Features and usage examples

Igor Timoshenkov edited this page Jul 21, 2017 · 10 revisions

Get started using this sample code:

require_once('vendor/autoload.php');

$parser = new RobotsTxtParser(file_get_contents('http://example.com/robots.txt'));
$parser->setUserAgent('MySimpleBot');

if ($parser->isAllowed('/')) {
	// Crawl of the frontpage is Allowed.
}
// or
if ($parser->isDisallowed('/path/to/page.html')) {
	// Crawl of /path/to/page.html is Disallowed
}

Basic features

HTTP status code

If you know the HTTP status code of the robots.txt file, input it here, otherwise simply skip it.

$parser->setHttpStatusCode(200);

Check if we're allowed in

if ($parser->isAllowed('/')) {
	// Crawl of the frontpage is Allowed
	// Do something
}
if ($parser->isDisallowed('/path/to/page.html')) {
	// Crawl of /path/to/page.html is Disallowed
	// Do something
}

Sitemaps

Export all sitemap URLs to an array (if any). Learn more.

$array = $parser->getSitemaps();

Advanced features

Crawl-delay

This is highly recommended for high-traffic crawlers

$delay = $parser->getDelay();

Simplified usage example

if ($parser->getDelay() > 0) {
	// The host doesn't want crawling more often than once every X second
	usleep($parser->getDelay() * 1000000);
	// Tip: you probably want to log the timestamp of the last crawl
	// then you'll know if you even have to sleep or not.
}

Host directive

Some webpages has mirrors, to deal with them, you'll probably want to use the Host directive (where available). That way you can make sure you crawl the host only, while ignoring any duplicate content.

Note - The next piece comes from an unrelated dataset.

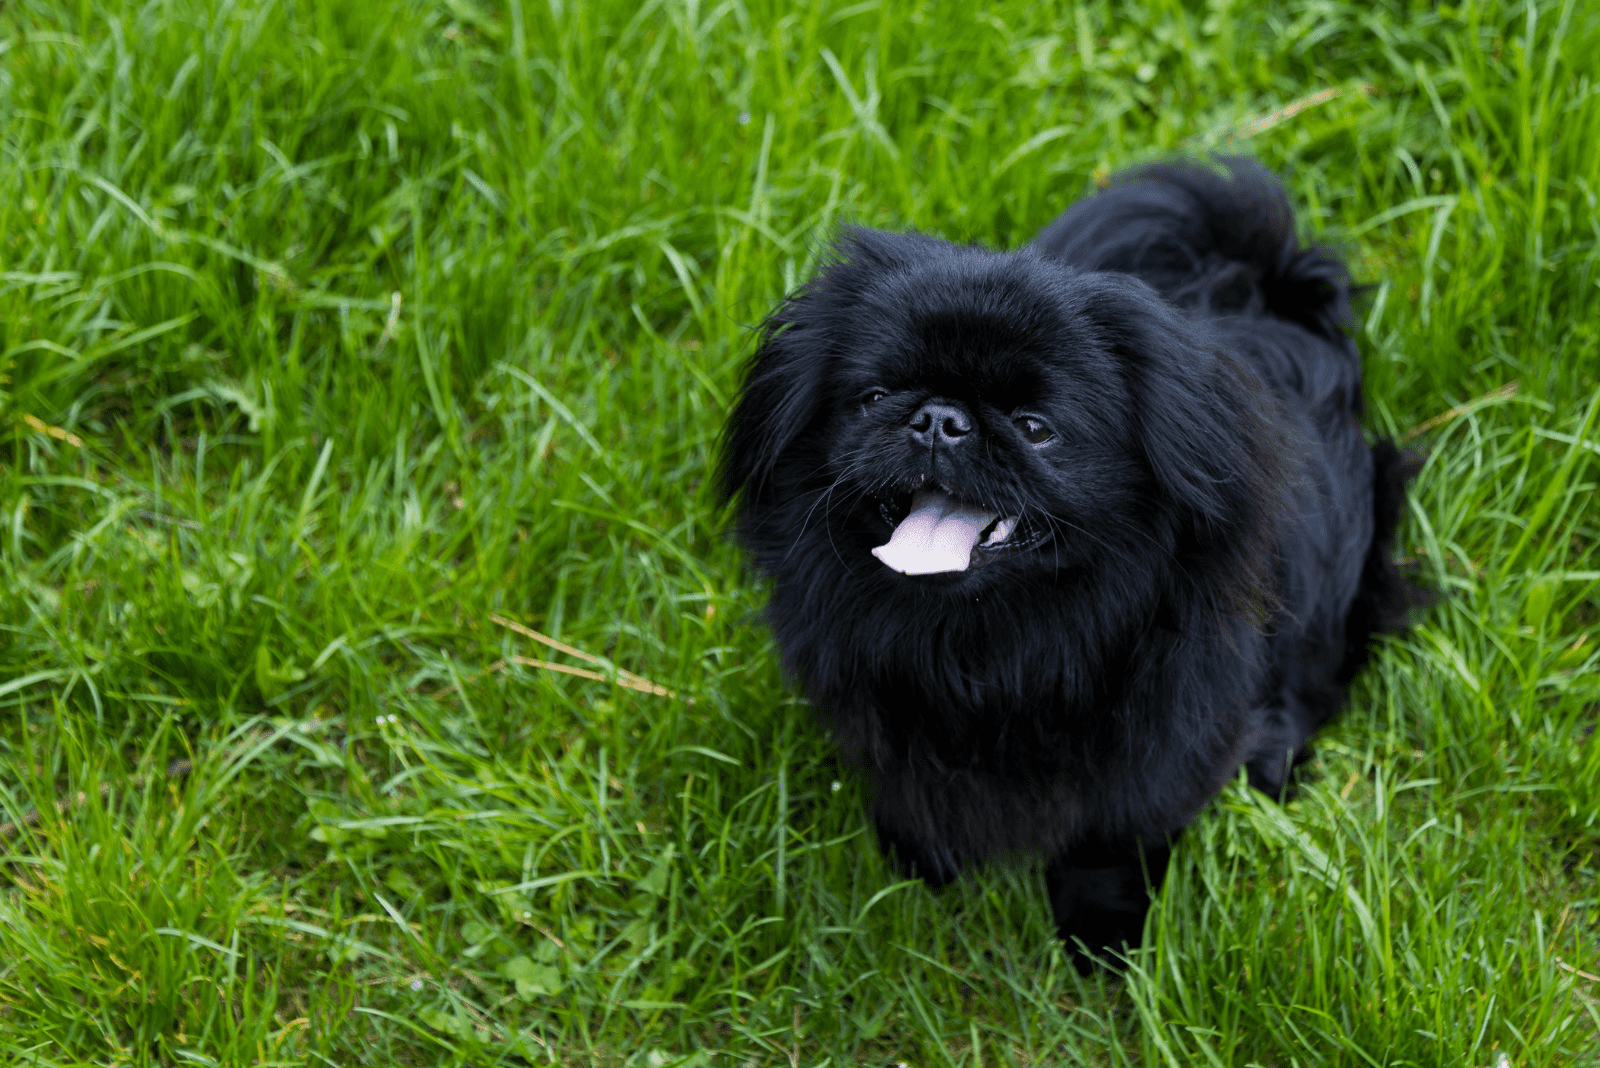 a black Pekingese puppy sits on the grass with his tongue out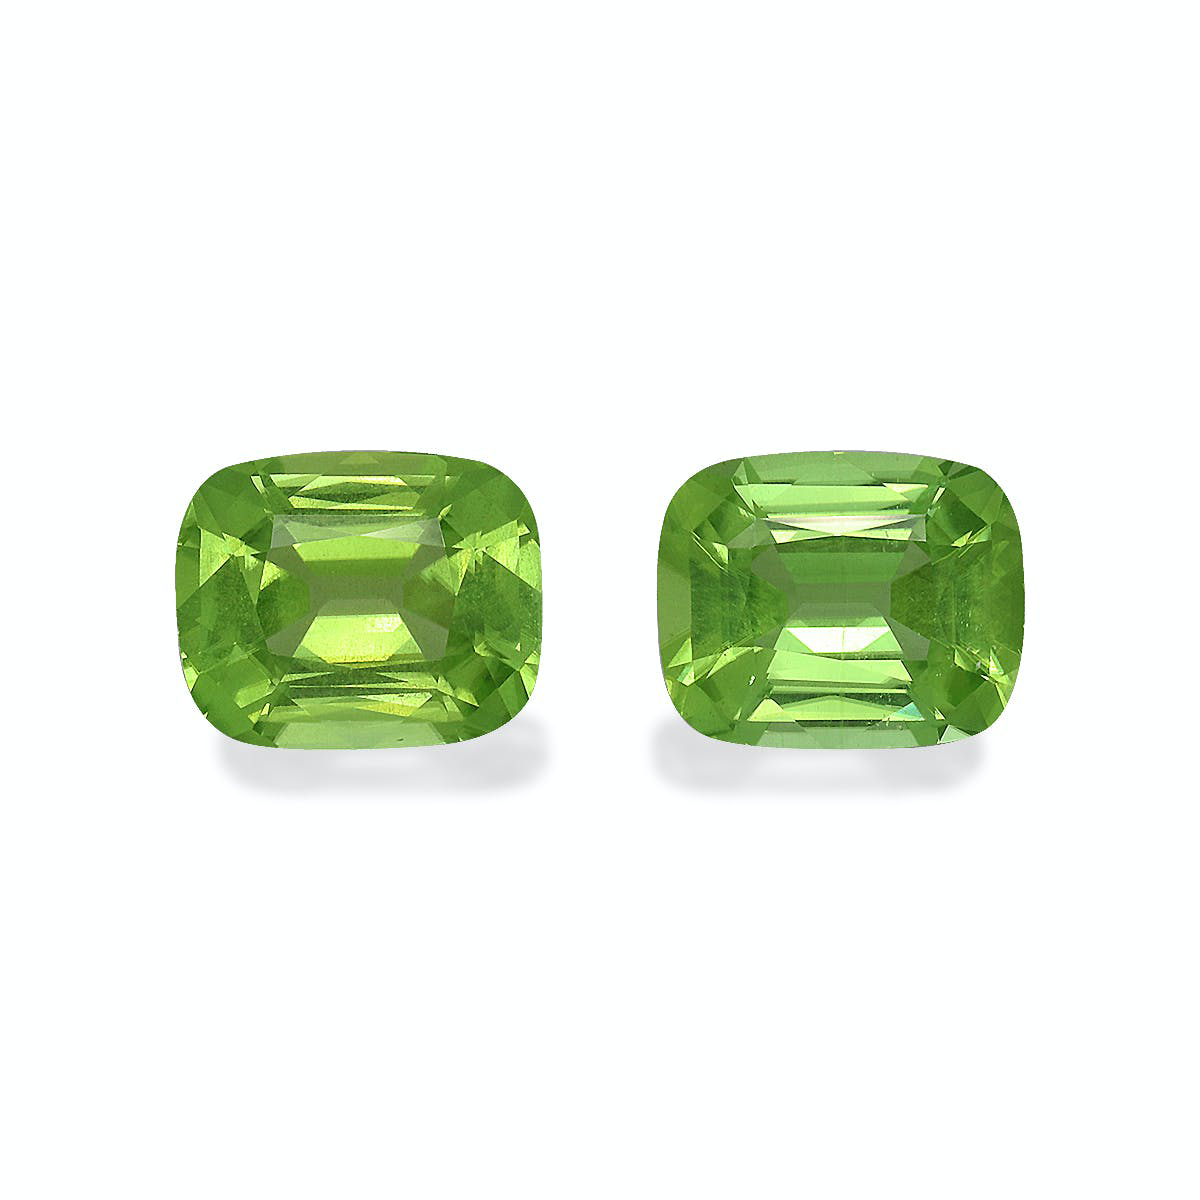 Picture of Green Peridot 6.03ct - 10x8mm Pair (PD0148)

$mainHost = $parser->getHost();

Clean-Param directive

Export an array of dynamic parameters that do not affect the content (e.g. identifiers of sessions, users, referrers etc.). Learn more

$cleanParam = $parser->cleanParam();

You can then parse it using:

foreach ($cleanParam as $path => $paramArray) {
	foreach ($paramArray as $param) {
		// $param - URL parameter
		// $path - URL path prefix
	}
}

Export rules

If you ever want to export the rules as an array, here is how:

// Rules for all userAgents
$rules = $parser->getRules();
// Rules for a specific useragent
$rules = $parser->getRules('mySimpleBot');

Export the robots.txt content

$content = $parser->getContent();

Get the log

$log = $parser->getLog();